While the DHNN-WF model shows theoretical promise, its real-world efficacy depends on seamless integration with existing ed-tech infrastructure, computational optimization, and rigorous empirical validation in classroom settings.
Conclusion
In this work, we used the Event-group training theory to construct 13 training indicators. Then, according to the constructed training indicators, the discrete Hopfield neural network fused with wavelet function is proposed for the training of athletes. Firstly, the 13 training indicators constructed by Event-group training theory are used to calculate training scores of athletes. Thereafter, through calculating the correlation between the 13 training indicators and the training performance predicted by the proposed model, the major training indicators are chosen from the 13 training indicators. Finally, the experimental results show that the proposed model outperformed the competitors in forecast precision of training performance. Results also show that the running efficiency of the proposed model won major competitors. Hence, the constructed 13 training indicators can effectively promote the training of athletes. Through accurately forecasting training performance of athletes, coaches can reasonably propose training plans.

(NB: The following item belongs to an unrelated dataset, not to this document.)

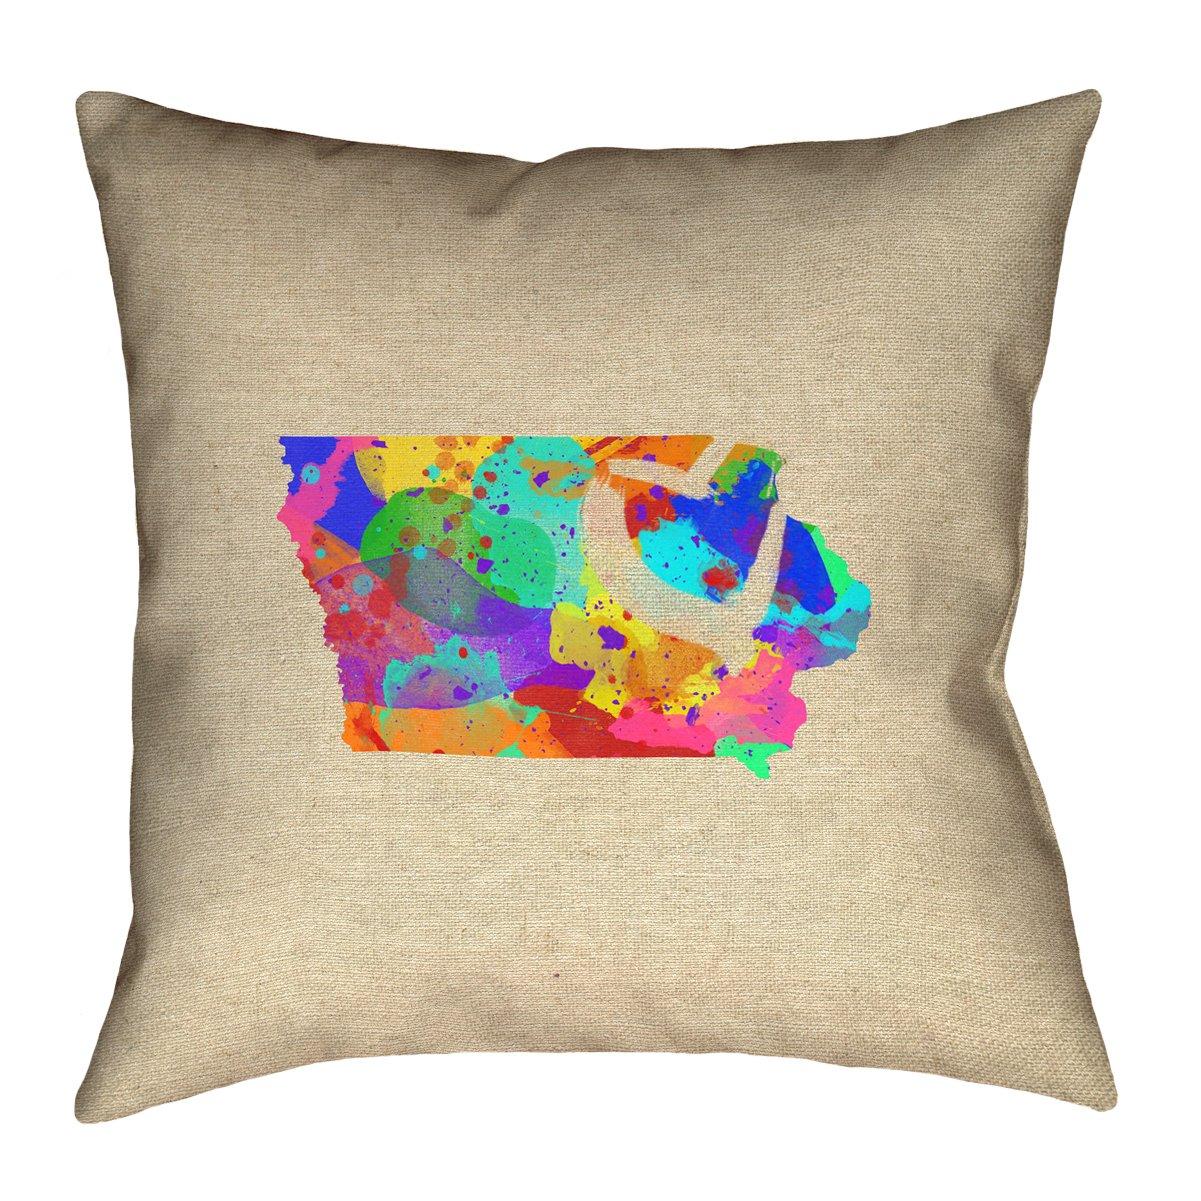 ArtVerse Katelyn Smith 16 x 16 Spun Polyester Hawaii Love Pillow

In future work, we will popularize the training plans based on the 13 training indicators to the construction of university physical education courses, thereby providing useful suggestions for the construction of university courses. Furthermore, we will augment DHNN-WF's training by incorporating metaheuristic algorithms (such as Simulated Annealing or Genetic Algorithms) to perturb weight updates and escape local minima. This integration leverages the global search capabilities of metaheuristics combined with DHNN-WF's associative memory, potentially enhancing convergence toward superior solutions, especially for non-convex educational data. Prior to wavelet decomposition handling high-dimensional inputs—like student interaction logs or multimodal sensor data—autoencoder-based feature compression is incorporated. Stacked denoising autoencoders learn compact input representations, preserving critical patterns while reducing computational overhead and mitigating dimensionality issues. Finally, DHNN-WF operates within a federated learning framework where localized models (e.g., per-school instances) share exclusively wavelet feature embeddings. This distributed approach maintains data privacy while enabling scalability across multi-institutional datasets.